In Chapters 16 and 17 you learned about different ways of adding metadata to documents. One of the features was social tagging. Whether it is on pages, documents, or entire sites, tags are a help to Search. Search looks at these social tags and gives increased weight to tags, especially if the same content is tagged repeatedly with the same tag. Once again, Search knows your users matter and it updates its indexes to reflect their activities.

Refiners

When you do a search, notice the list of properties on the left-hand side of the page, as shown in Figure 14-14. These are called refiners. For example, you can click on Word under Result Type and your search results will be narrowed down to only include Word documents. You could then click on a specific author to further refine your results. This list of refiners is built from the first 50 search results, meaning it is not all inclusive if you have a large set of results.
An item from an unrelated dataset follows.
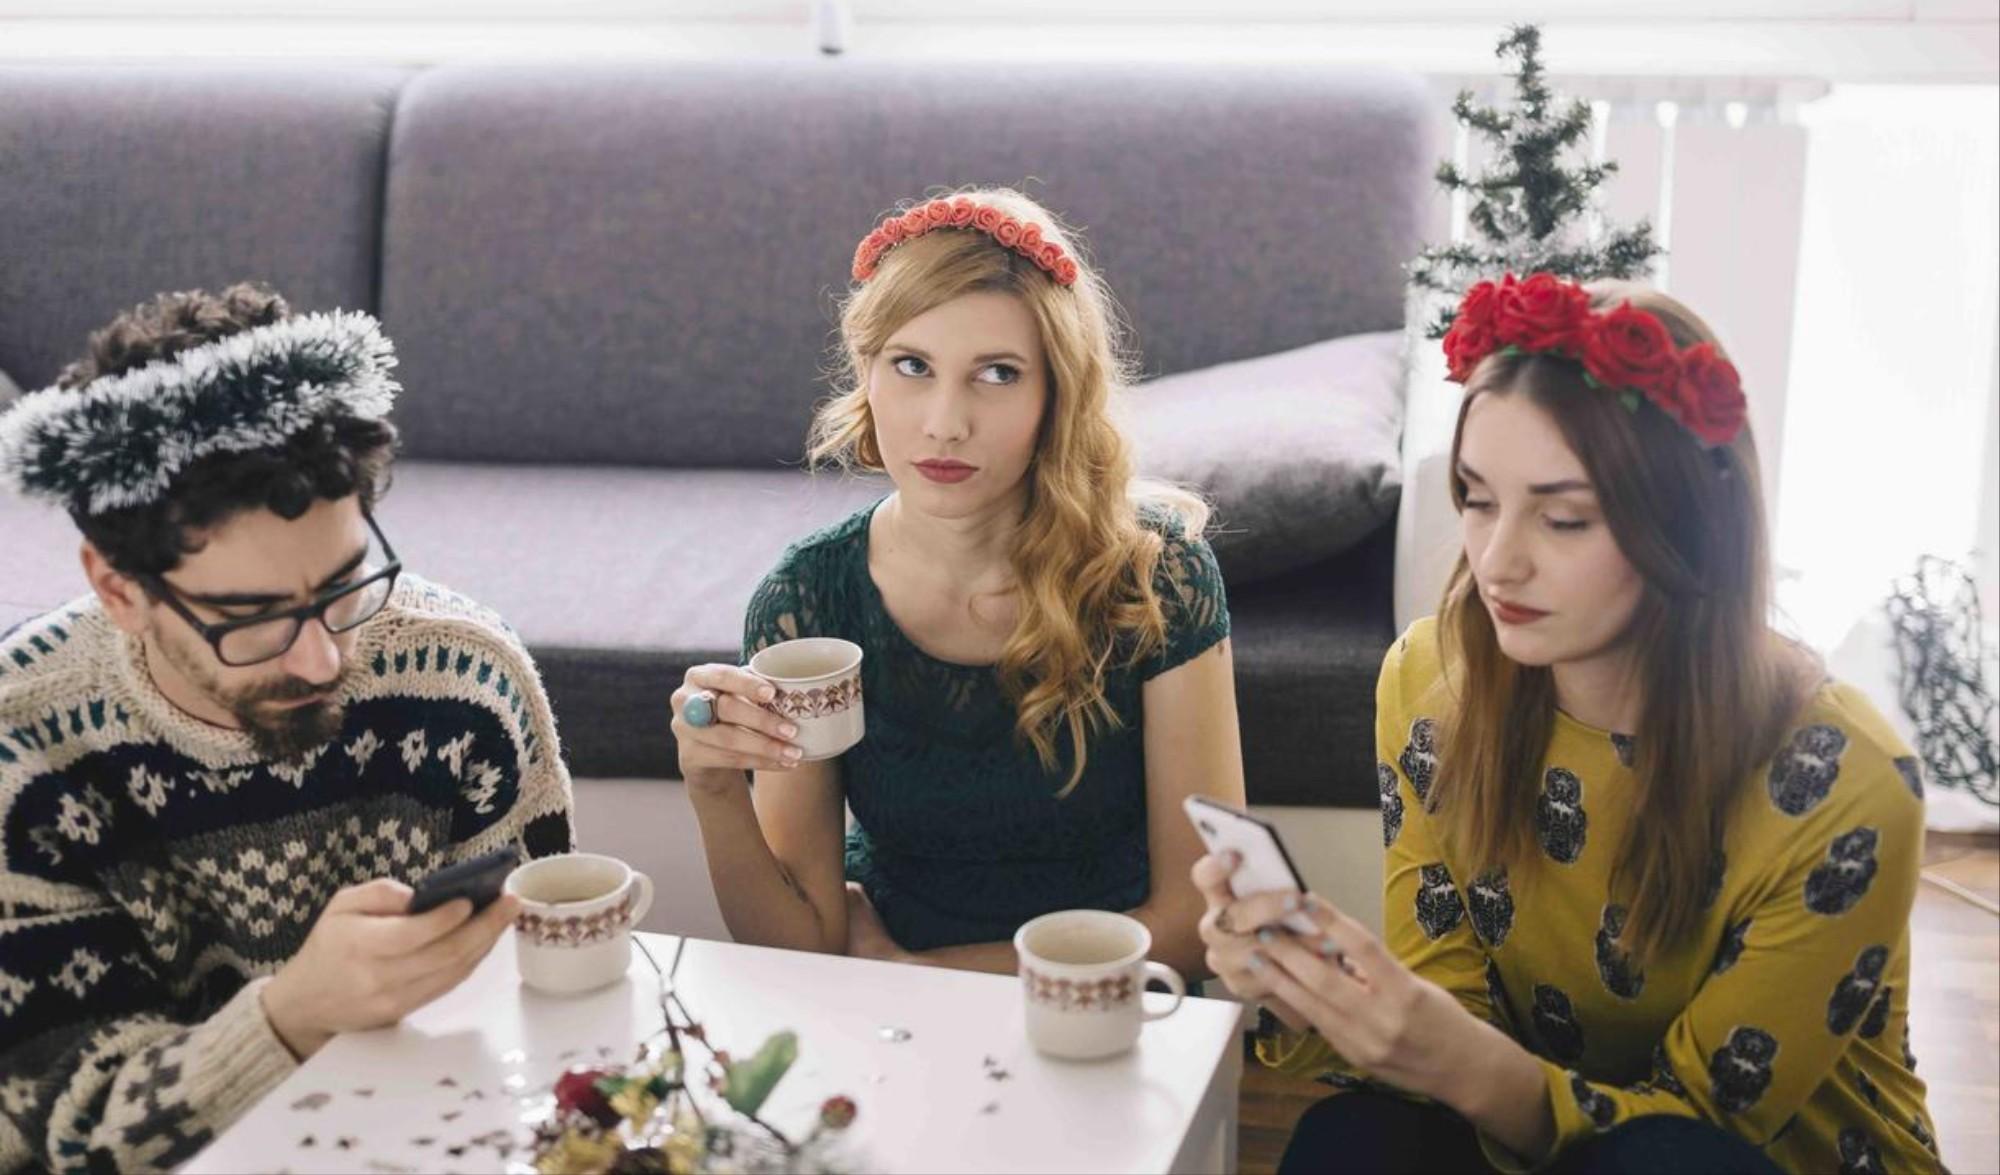 Party Weihnachtslieder.Die 1000 Schlimmsten Remixe Von Weihnachtsliedern 1 10 Vice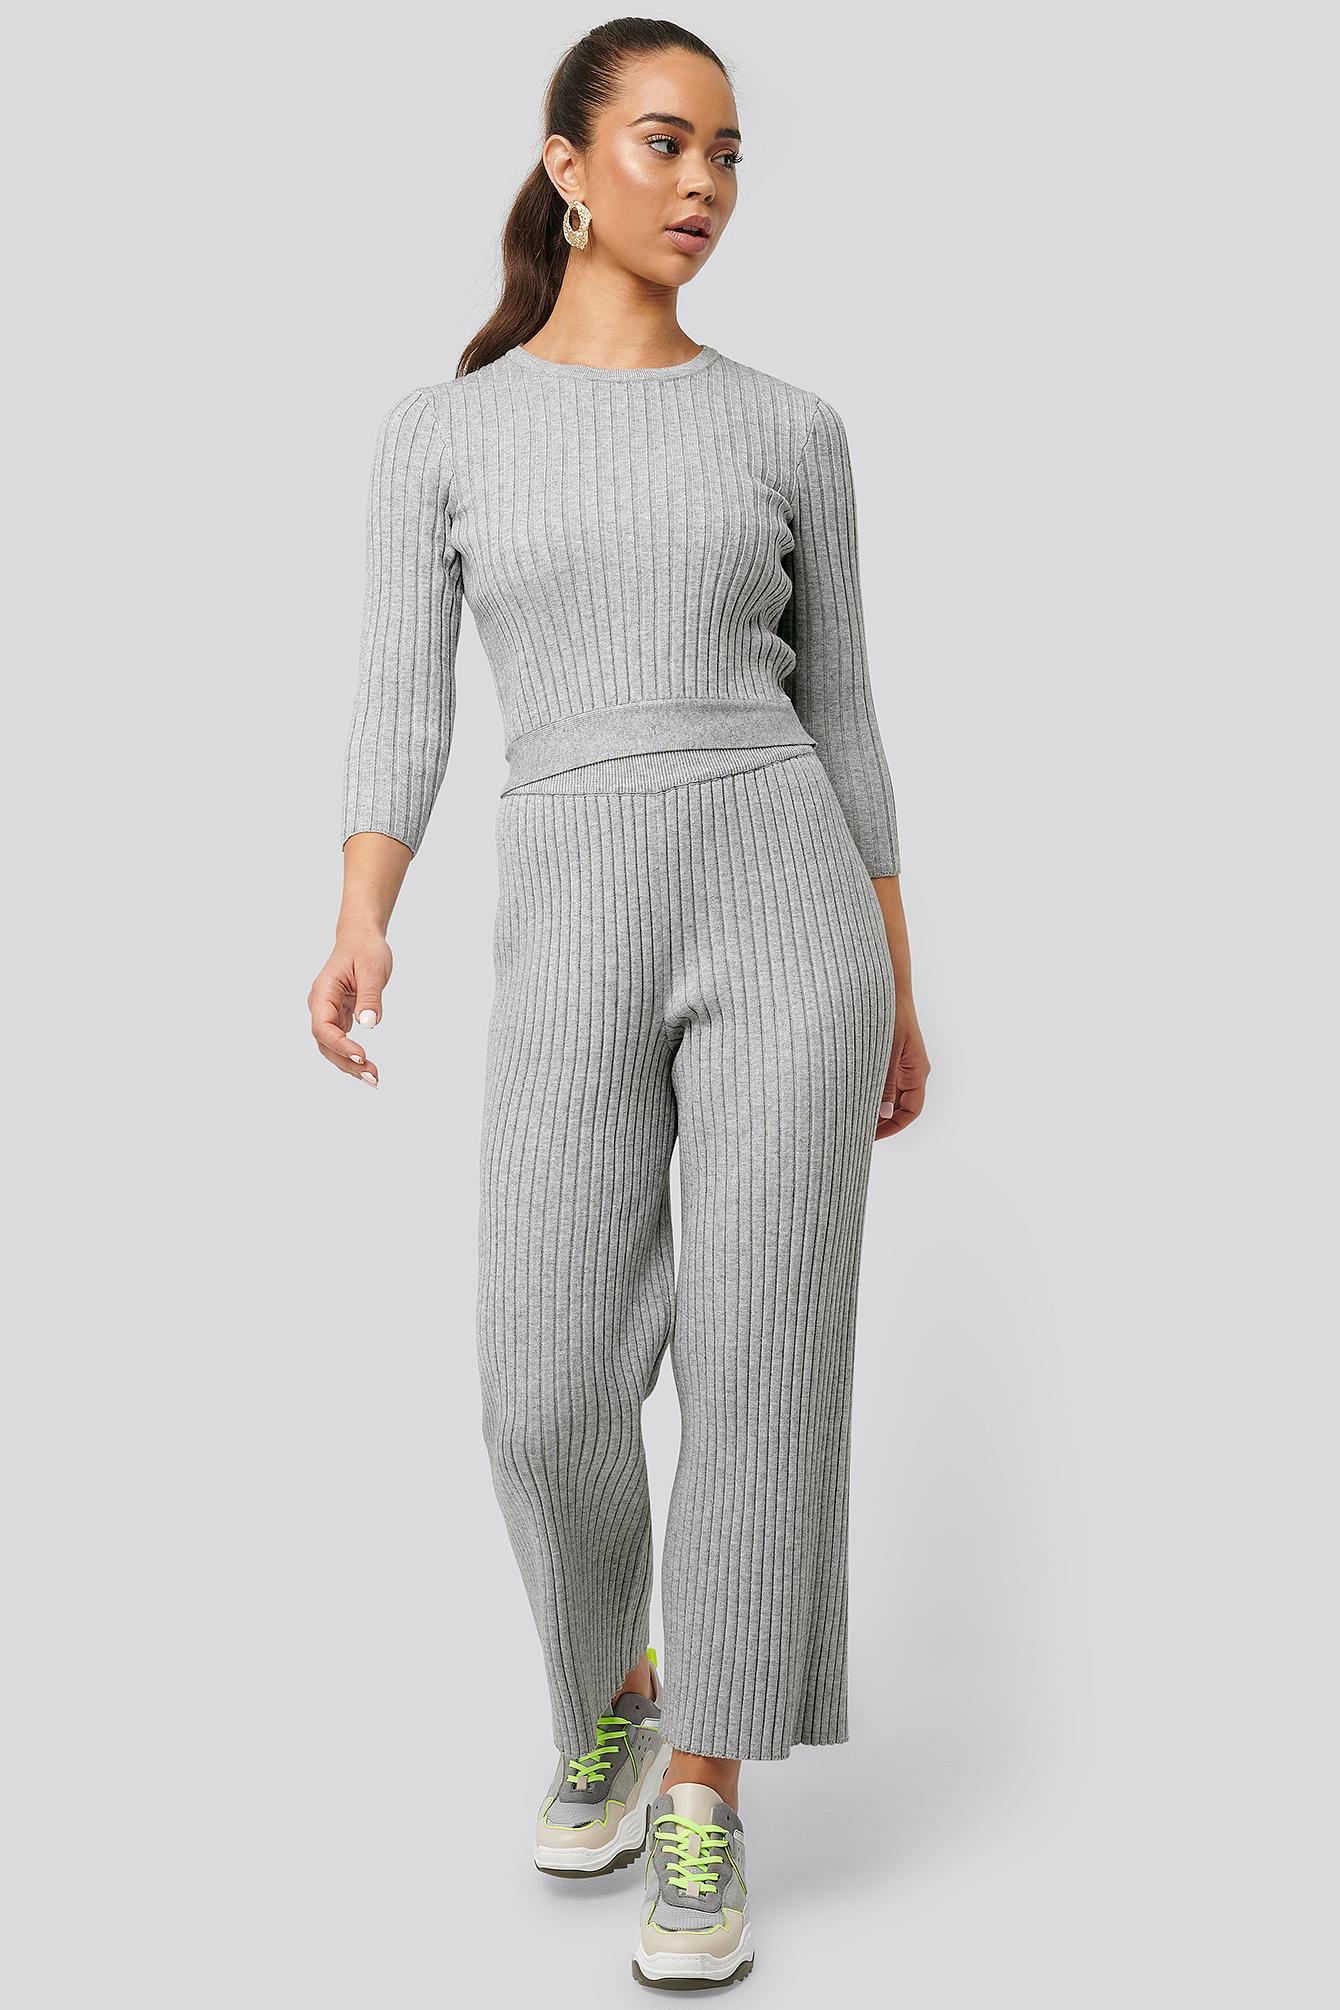 NA-KD Ribbed Knitted Culottes - Grey | Bekleidung > Hosen > Culottes | NA-KD

A small note if you were using FAST Search — the refinement panel is based on all the search results, not just the top 50.

Search Alerts and RSS Feeds

Sometimes you might need to do the same search repeatedly. And while the search page is pretty cool and you enjoy checking it every day, repeating a search may not be the best use of your time. A better option would be to click the search alert icon (labeled 1 in Figure 14-15) to get search alerts. This way, every time the search results are updated for your query, SharePoint will send you an e-mail. You could also use the RSS Feed icon (labeled 2 in the figure) to subscribe to an RSS feed of your search results.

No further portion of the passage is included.